Thousands of Bangladeshi garment workers churning out clothes for top global brands walked off the job yesterday and clashed with police as protests over low wages entered a second week. Police said water cannons and tear gas were fired to disperse huge crowds of striking factory workers in Savar, a garment hub just outside the capital Dhaka.
“The workers barricaded the highway, we had to drive them away to ease traffic conditions,” industrial police director Sana Shaminur Rahman told AFP about strike action. “So far 52 factories, including some big ones, have shut down operations due to the protests.”
One worker was killed on Tuesday after police fired rubber bullets and tear gas at some 5,000 protesting workers. Bangladesh is dependent on garments stitched by millions of low-paid tailors on factory floors across the emerging South Asia economy of 165mn people. Roughly 80% of its export earnings come from clothing sales abroad, with global retailers H&M, Primark, Walmart, Tesco and Aldi among the main buyers.
Union leader Aminul Islam blamed factory owners for resorting to violence to control striking workers. “But they are more united than ever,” he told AFP. “It doesn’t seem like they will leave the streets, until their demands are met.”
The protests are the first major test for Prime Minister Sheikh Hasina since winning a fourth term in December 30 elections marred by violence, thousands of arrests and allegations of vote rigging and intimidation. Late yesterday, the government announced a pay hike for mid-level factory workers after meeting with manufacturers and unions. Not all unions have signalled they will uphold the agreement.
Babul Akhter, a union leader present at the meeting, told AFP the deal should appease striking workers. “They should not reject it, and peacefully return to work,” he told AFP. Minimum wages for the lowest-paid garment workers rose by a little over 50% this month to 8,000 taka ($95) per month. But mid-tier tailors say their rise was paltry and fails to reflect the rising costs of living, especially in housing.
Bangladesh’s 4,500 textile and clothing factories shipped more than $30bn worth of apparel last year.
The Bangladesh Garment Manufacturers and Exporters’ Association, which wields huge political influence, warned all factories might be shut if tailors do not return to work immediately. “We may follow the ‘no work, no pay’ theory, according to the labour law,” association president Siddikur Rahman told reporters. Last year Bangladesh was the second-largest global apparel exporter after China. It has ambitious plans to expand the sector into a $50bn a year industry by 2023.

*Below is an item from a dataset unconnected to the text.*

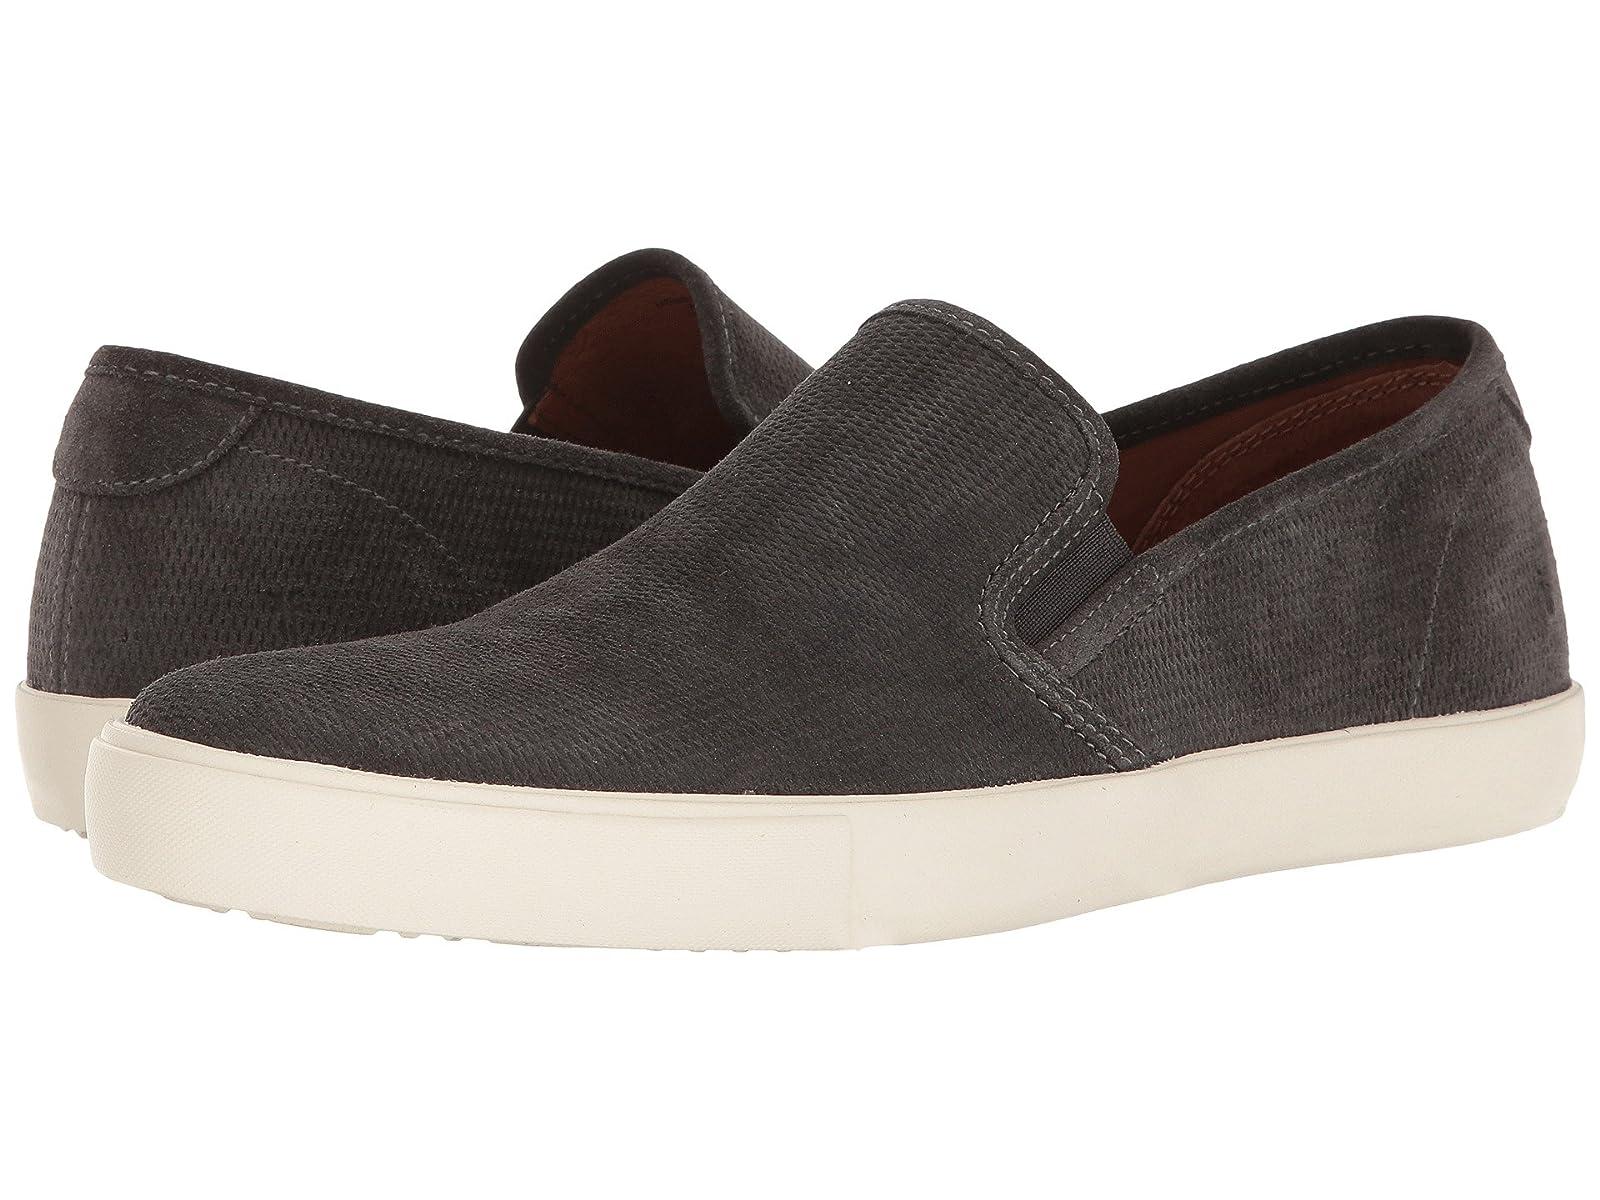 Frye Brett Perf Slip-OnCheap and distinctive eye-catching shoes

But despite their role in transforming the impoverished nation into a major manufacturing hub, garment workers remain some of the lowest paid in the world. The industry also has a poor workplace safety record. The Rana Plaza garment factory collapse in 2013 killed more than 1,130 people in one of the world’s worst industrial accidents. Following the disaster, major retailers formed two groups to introduce factory reforms. The Bangladesh Garment Manufacturers and Exporters’ Association says its members have since invested $1bn in safety upgrades.